Without good autofocus, you might get wonderfully exposed, noise-free photos, but you’ll never get a sharp one. And a photo that isn’t sharp isn’t usable. That’s why you need a lens that focuses well even under bad light.

When a photo isn’t sharp, it isn’t usable.

When a photo isn’t sharp, it isn’t usable.

Lens Speed

Very fast lenses are a necessity when photographing in poor light. Typically fixed lenses are used here, with focal lengths of 35mm, 50mm, or 85mm, and a speed of F1.4.

Thanks to their high speeds, these lenses let quite a bit of light onto the focusing screen, which gives better auto-focusing. Also important is the fact that with these lens speeds, you don’t have to turn to high ISO values. You just have to wtch your depth of field.

The photo below owes its existence in part to a high-speed lens. Without the F1.4 lens used, I would have had to raise the ISO, giving me an inferior final picture.

Thanks to a fast lens, I didn’t have to raise the ISO.

Thanks to a fast lens, I didn’t have to raise the ISO.

If you shoot in bad conditions frequently, don’t be afraid to invest in good lenses. They’ll definitely pay off financially, and you’ll appreciate them in practice… and for their resale value.

A Good Body

A good camera body is another great foundation. And it’s not out of reach. Camera prices have gone down lately, especially for older camera bodies, which you can often find used. However, do pay attention to used cameras’ condition, and ask questions about their history.

If you want to take pictures in very bad light conditions, then go straight for a full-frame DSLR. APS-C sensors don’t have a large enough surface to keep on giving good performance even when you’re using high ISO values. A larger surface can distribute the image better, thus giving higher quality.

Great camera bodies are about more than just good picture quality at high ISO values. They’re also about high-quality autofocus. All modern high-end cameras (and especially FX formats) have well-designed autofocus.

For the photo below I used a high-quality, but older camera, a Canon 5D Mark II. I took the picture with an ISO of 800. With the latest generation of this camera, I would have been able to go even higher, enabling a shorter exposure time.

A picture taken at ISO 800.

A picture taken at ISO 800.

No matter what kind of camera body you own, be sure to use spot exposure metering. That way you’ll be exposing strictly for your object of interest, and not for the rest of the scene, which doesn’t interest you anyway.
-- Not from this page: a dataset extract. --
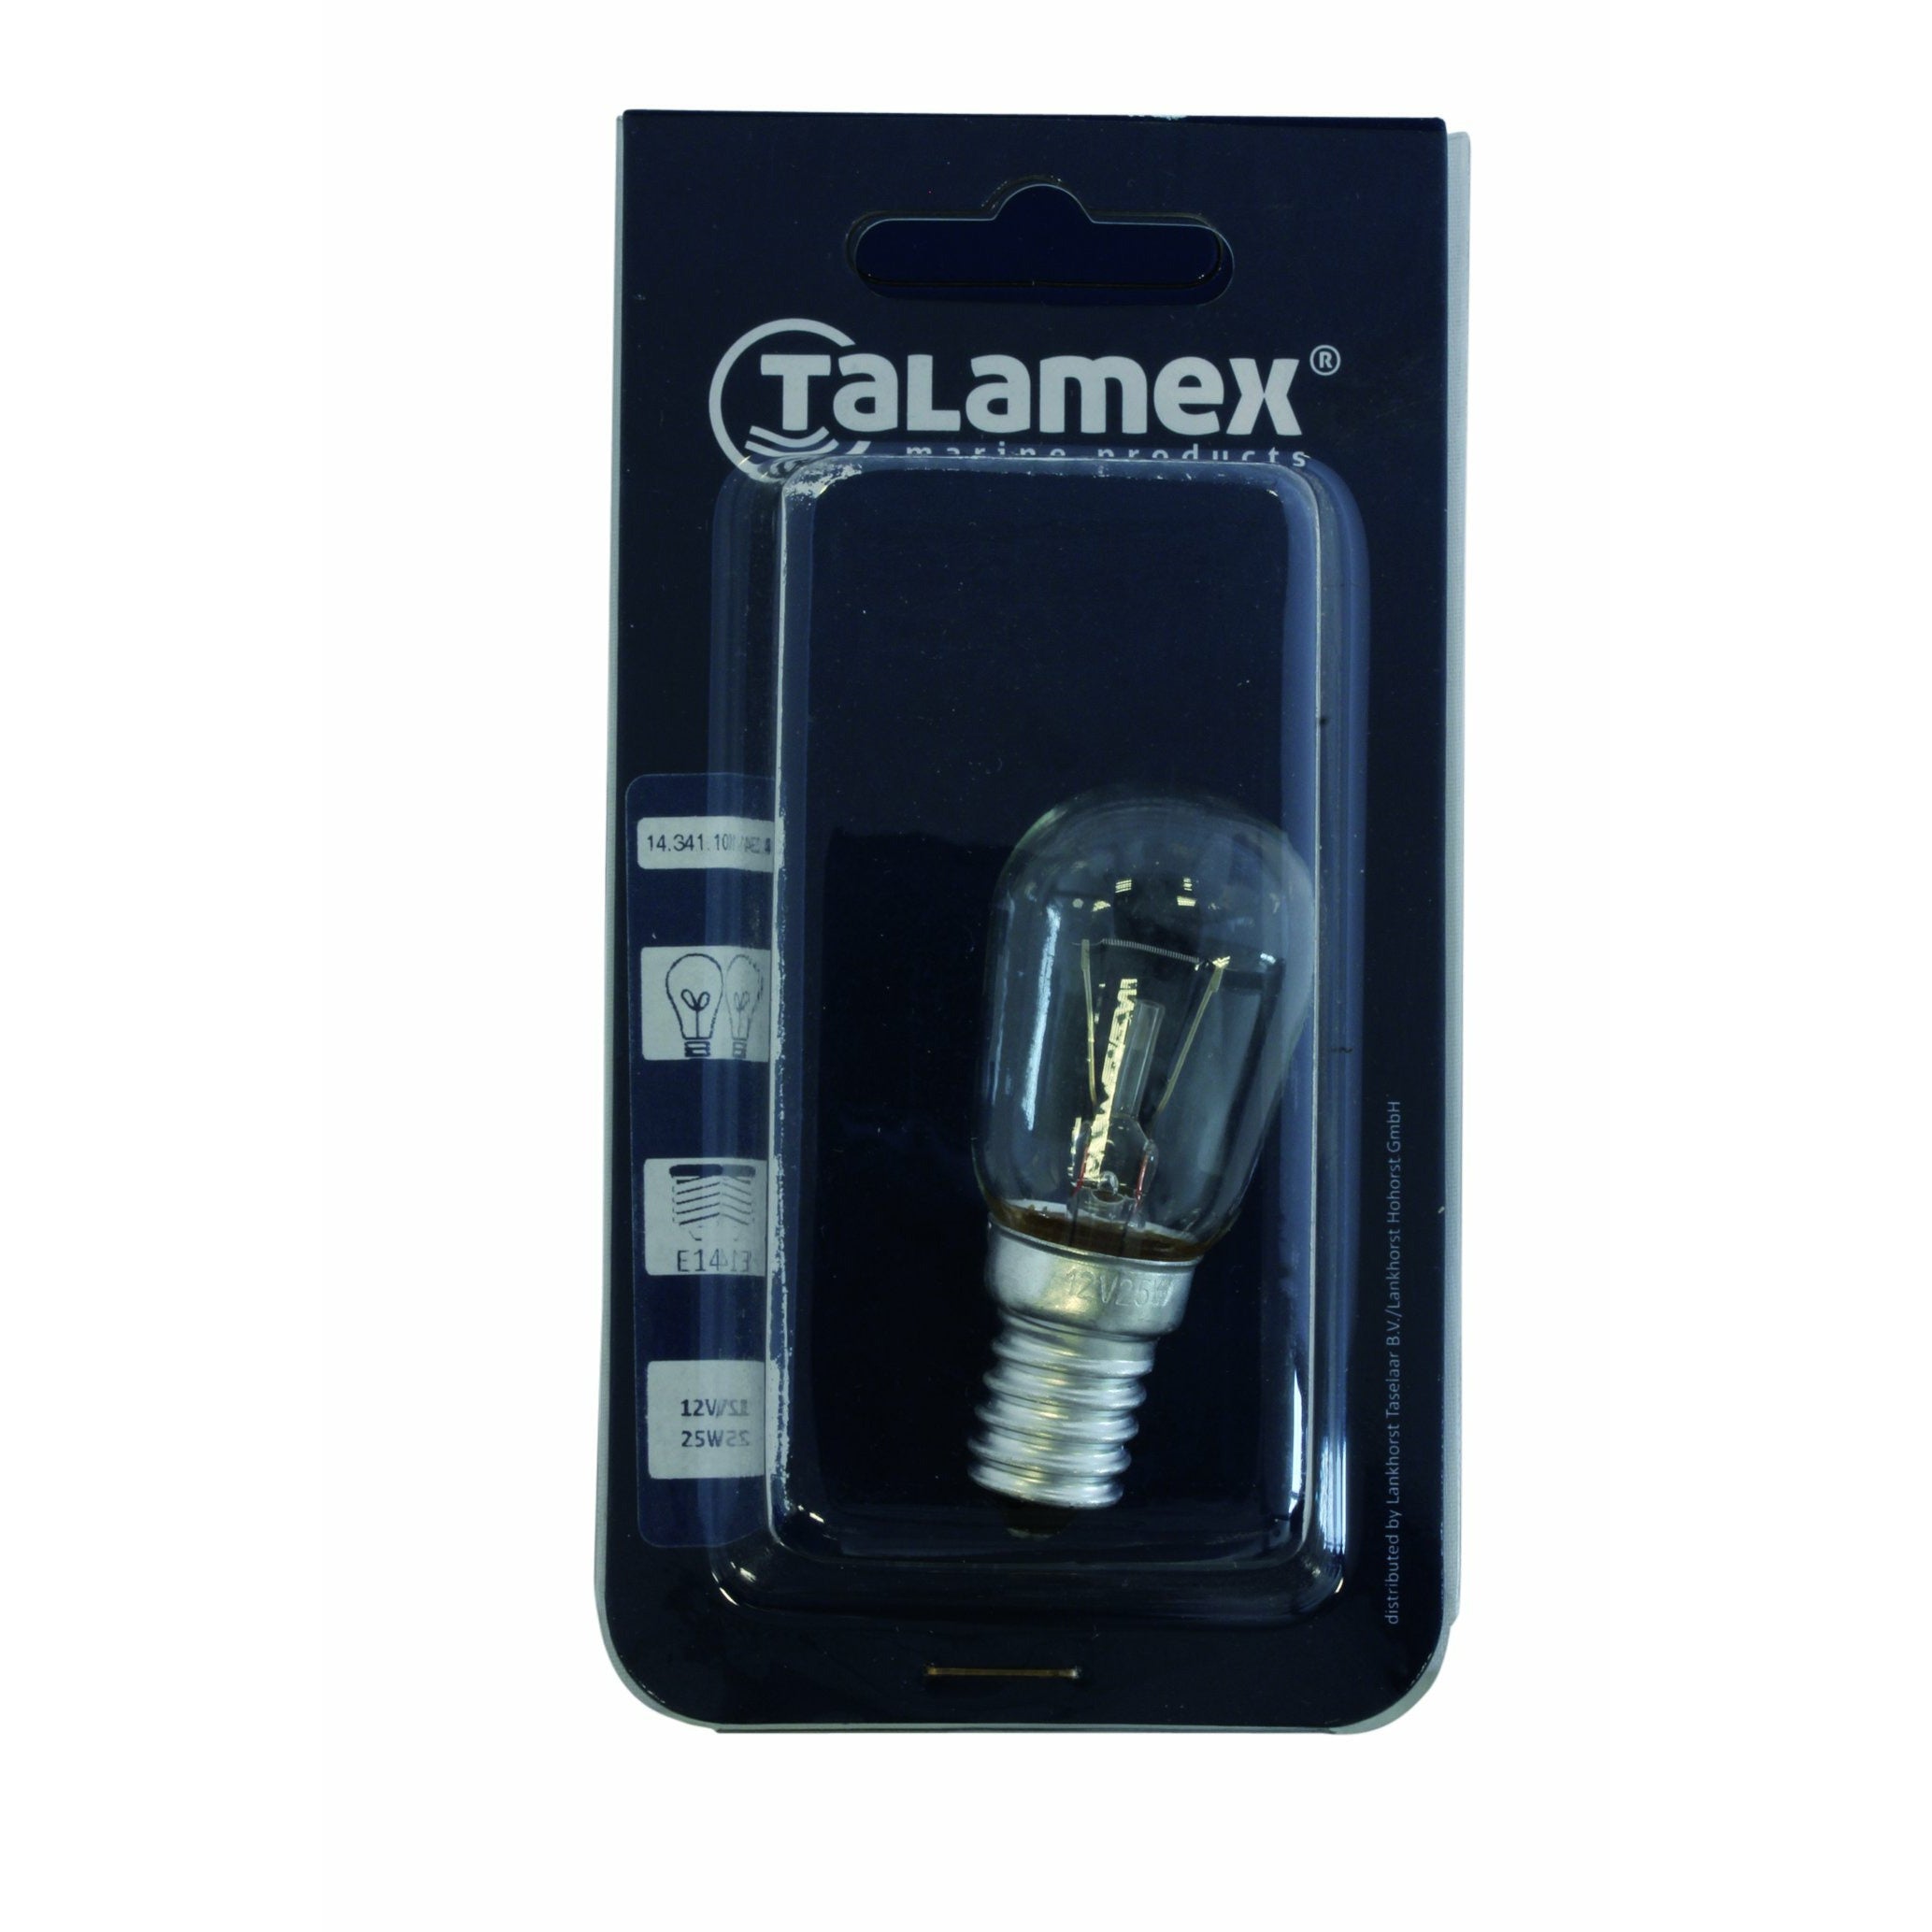 Talamex Perfumelamp 12V-15W E14 14341100

Thanks to spot metering, I could expose strictly to the model’s face. The rest of the scene doesn’t interest me anyway.

Thanks to spot metering, I could expose strictly to the model’s face. The rest of the scene doesn’t interest me anyway.

Shine a Light on It

But if you don’t have a chance to use a good lens or a good body and yet you still need to take pictures in poor light conditions, then you have no choice but to use a flash. A good flash can help you with focusing.
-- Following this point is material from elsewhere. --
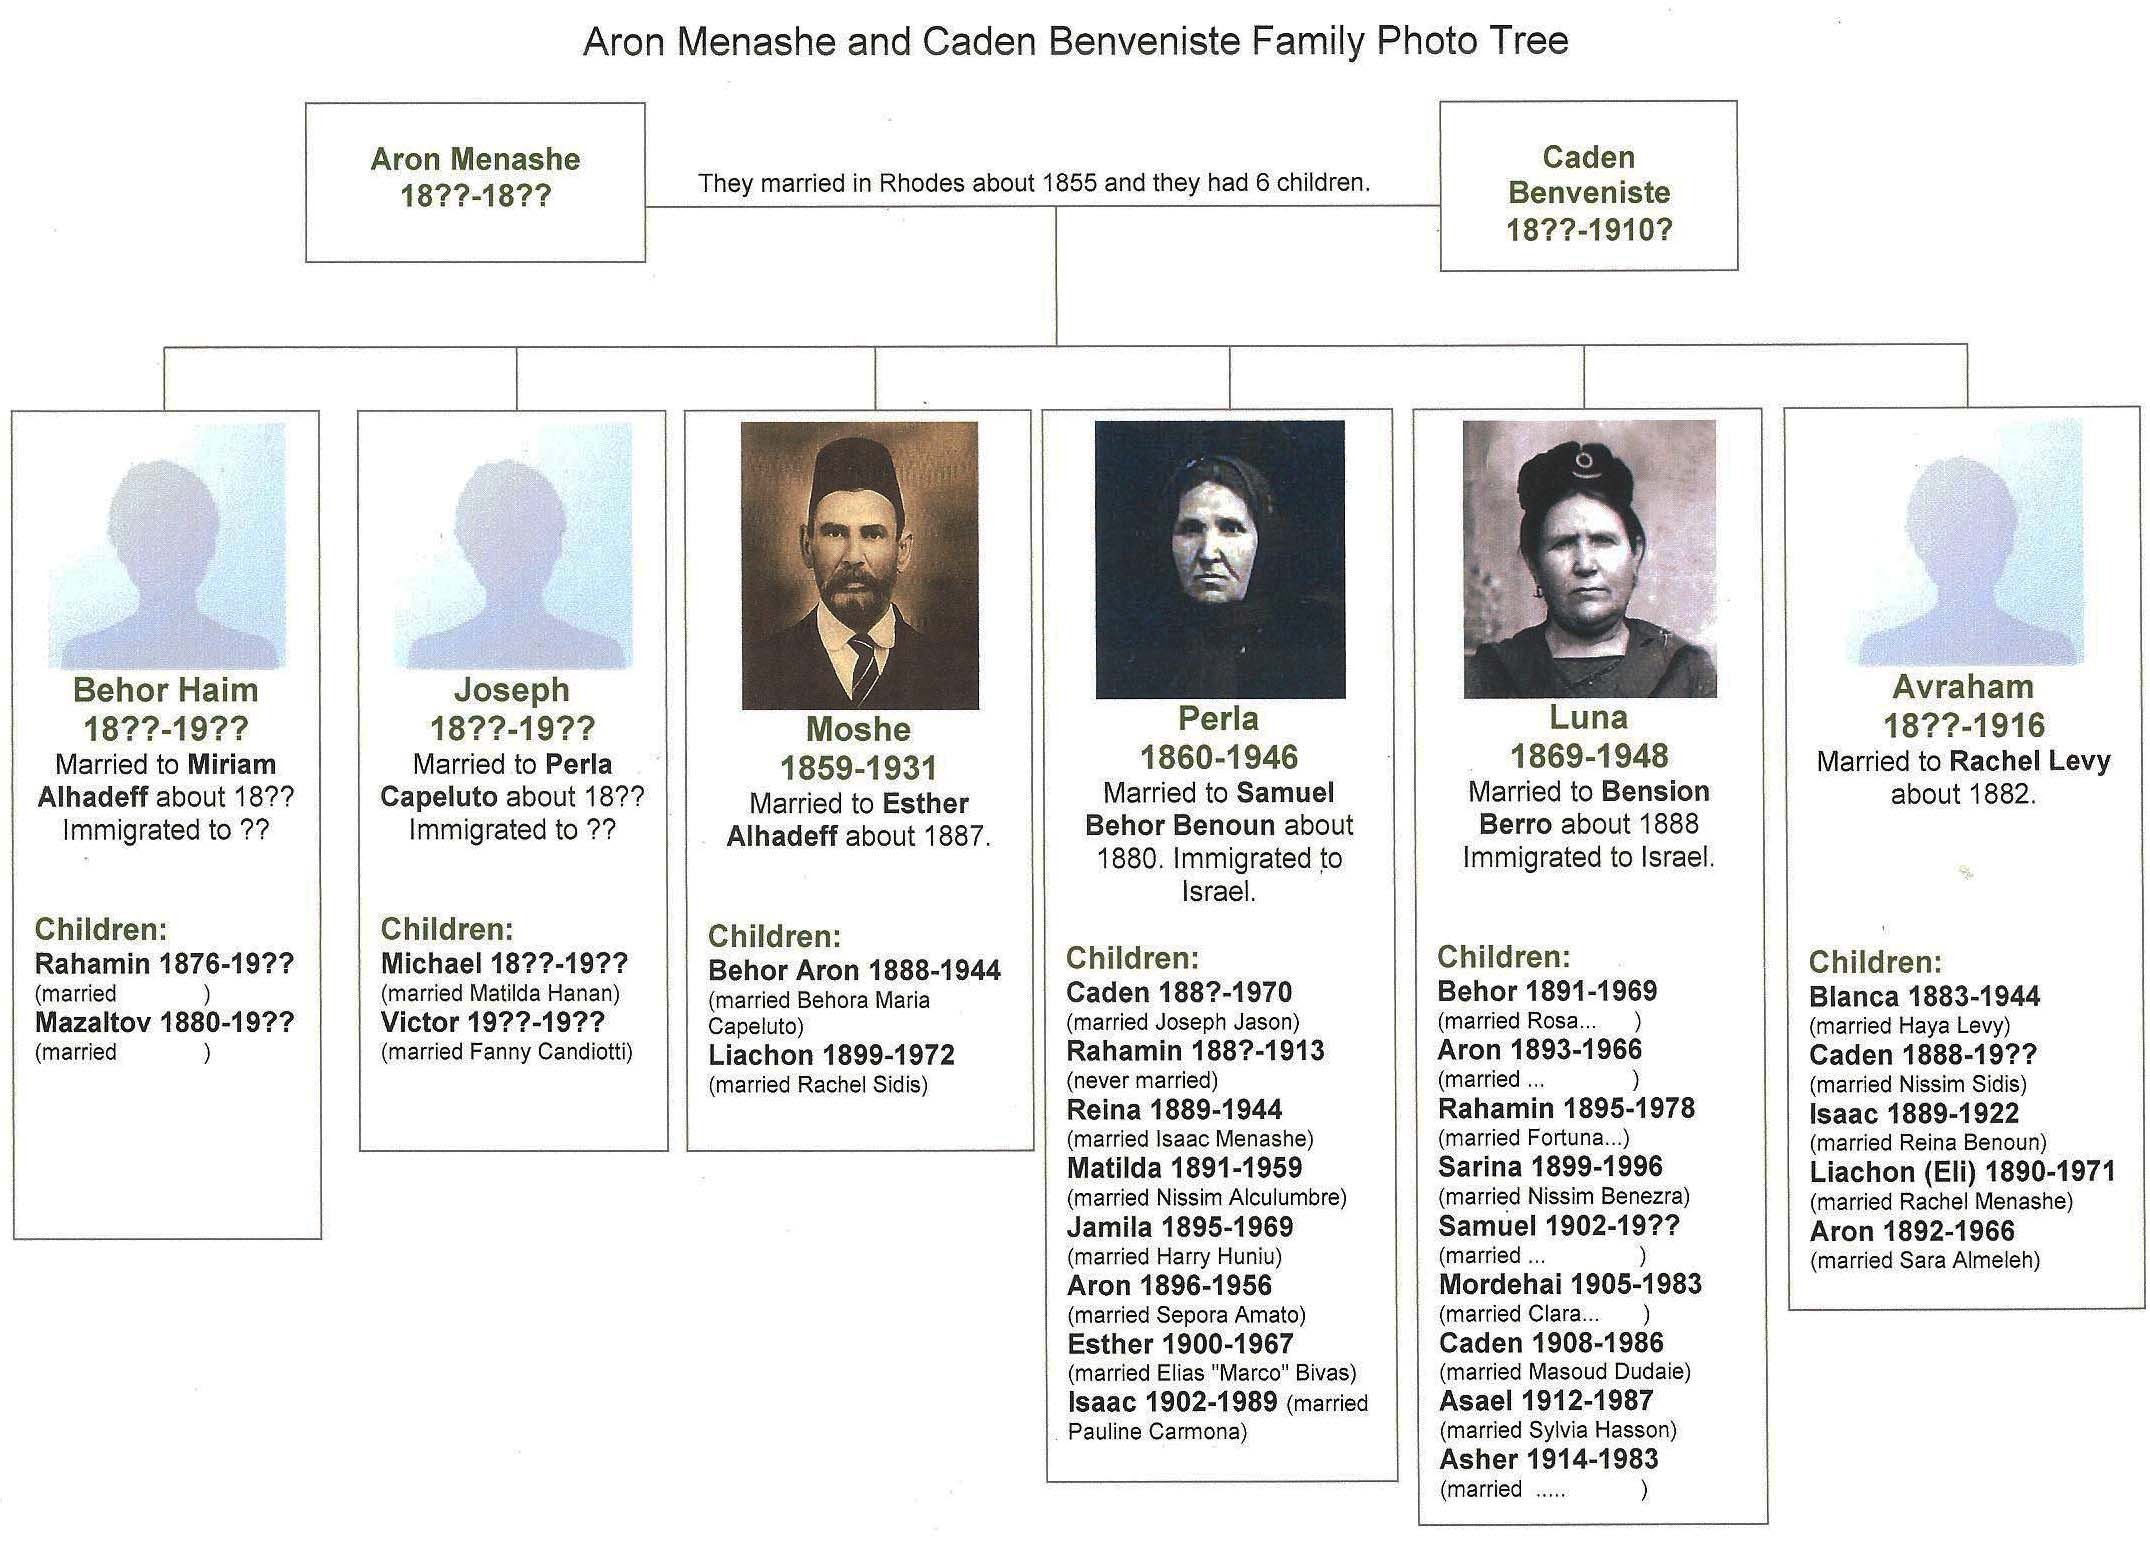 Family Trees, Family Stories & Family Photos:2150 x 1541

But don’t use built-in flashes, as they can only hurt a photo. If you do use a flash, use a good one—use a system flash. But be warned that they’re expensive. A high-quality flash lets you tilt it so that light doesn’t go into the lens directly, but instead is reflected off the roof or the wall. This give you more natural light.

Seek Good Light

When you have control over when you’ll shoot, then choose a time with ideal photographic conditions.

When you don’t, then use all of your knowledge—of both technical and non-technical matters—to make your photos the best they can be. A high-quality lens and a camera body with a good auto-focus will certainly help you here. Don’t be afraid to get creative, and try thinking hard about what you can utilize to get the best light in your picture that you can.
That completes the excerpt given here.